The source notes that, while this number may seem low, strokes are actually the cause of 10-percent of all pregnancy-related deaths. Risk factors include not only age, being overweight, and smoking but also gestational hypertension (high blood pressure), which is responsible for about 33-percent of pregnancy-related strokes, adds the source.
After the age of 45, women’s risk for stroke can climb, even if they’re healthy, notes an article from VeryWell Health. This is because women “move into the menopause years” around this time, and this is associated with a drop in heart-protecting estrogen.
From the age of 45 to 65, women should be extra vigilant, as strokes can be more fatal in women when compared to men during this stage of life. “The reasons for this are not exactly clear, but they have to do with not getting the same treatment as men, and with not recovering as well as men do,” offers the source.
Hormone Replacement Therapy Can Add Risk
Some women opt for hormone replacement therapy (HRT) following the onset of menopause, which according to the American Heart Association is “associated with beneficial effects on the brain and vascular system.”
However, findings also show that HRT is not an effective strategy for preventing a stroke, and there could be a higher chance of dying from a stroke among women receiving this therapy, adds the source. In other words, HRT should not be administered as prevention for heart disease and strokes.

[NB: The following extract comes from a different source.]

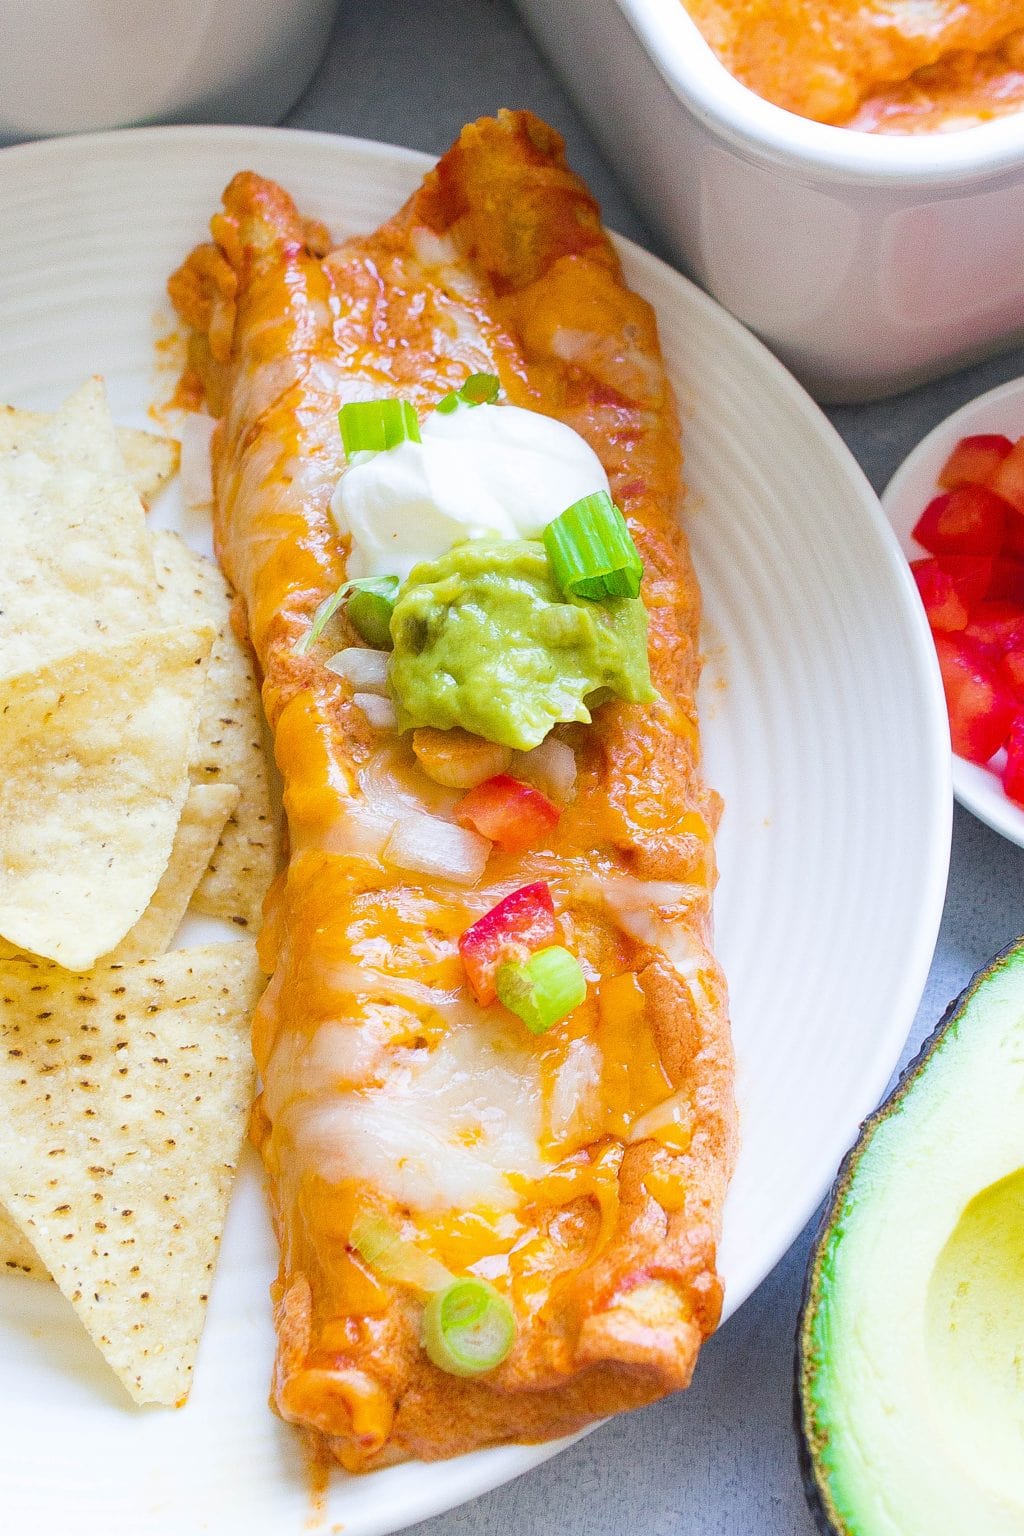 THE BEST Cheese Enchilada Recipe (Easy & Made In 30 Minutes)

Higher Cholesterol, Higher Risk
The Heart and Stroke Foundation explains that estrogen also serves another important function: it helps to keep cholesterol in check. “After menopause, as natural estrogen levels drop, more and more women tend to develop high cholesterol,” adds the source.

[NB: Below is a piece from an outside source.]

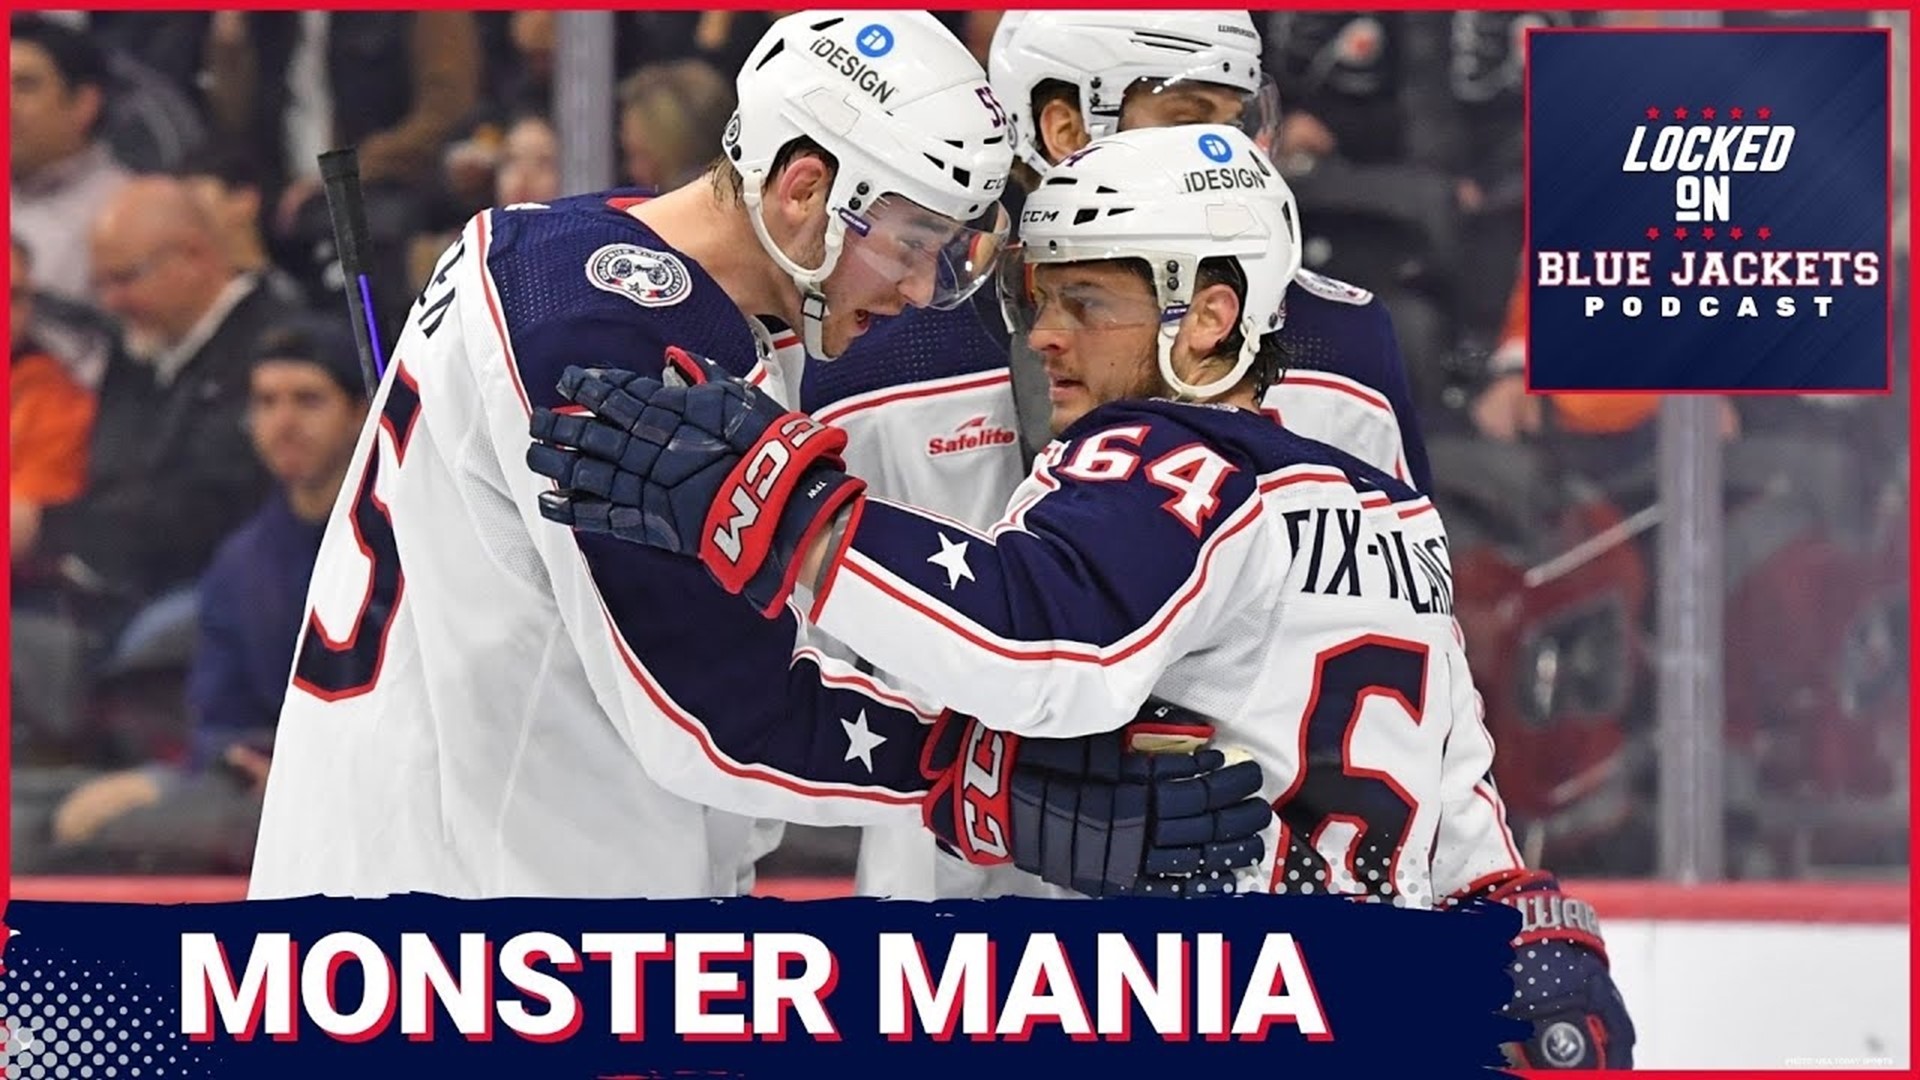 We thought it was about time to check in with our favourite AHL team, the Cleveland Monsters, so we have Deana Weinheimer here from AHL News Now to talk about them!

While research in this area is still ongoing, it’s generally believed that the buildup of “bad” cholesterol (referred to clinically as high-density lipoprotein [HDL]) can strain the vascular system and lead to heart disease, heart failure, and/or stroke.
Triglycerides and Gender
Although anyone can develop high levels of triglycerides, this type of blood fat can be more of a concern for women’s health, warns WebMD. Women are at higher risk for higher triglycerides if they take birth control pills containing estrogen, are pregnant, are post-menopausal, have polycystic ovary syndrome, or take prescription drugs (including tamoxifen), it adds.
Common factors for both men and women include being overweight, lack of exercise, and/or having a family history of high triglycerides. Hypothyroidism (an underactive thyroid) and diabetes can also be factors for elevated triglycerides in both genders.
Hispanic Women Are at Higher Risk
Ethnicity can play a role in heart health and stroke risk among women, according to GoRedForWomen.org. The source explains that Hispanic women are likely to develop heart disease 10-years earlier than their Caucasian counterparts.
In fact, cardiovascular disease is the leading cause of death for Hispanic women, causing 21,000-fatalities annually, adds the source. Unfortunately, heart health is a subject that’s never mentioned by their doctor, according to most Hispanic women, who are also “least likely to have a usual source of medical care.”
African American Women Take Note
The same source also says African American women are also in a higher risk category for heart disease and stroke, which accounts for more than 48,000-deaths per year among this population of women.
The source also explains that a whopping 48.3-percent of African American women aged 20-or older have cardiovascular disease. However, only 14-percent of this population “believe that cardiovascular disease is their greatest health problem,” adds the site.
Stress and Strokes
Women who experience “psychosocial stress,” which is a medical term for feelings of loneliness and isolation, and depression may be at greater risk for having a stroke, according to Self.com.
These factors are associated with higher blood pressure, and the risk is higher among women when compared to men. “Research has also shown that figurative heartache can become a literal heart attack, especially among older women,” adds the source.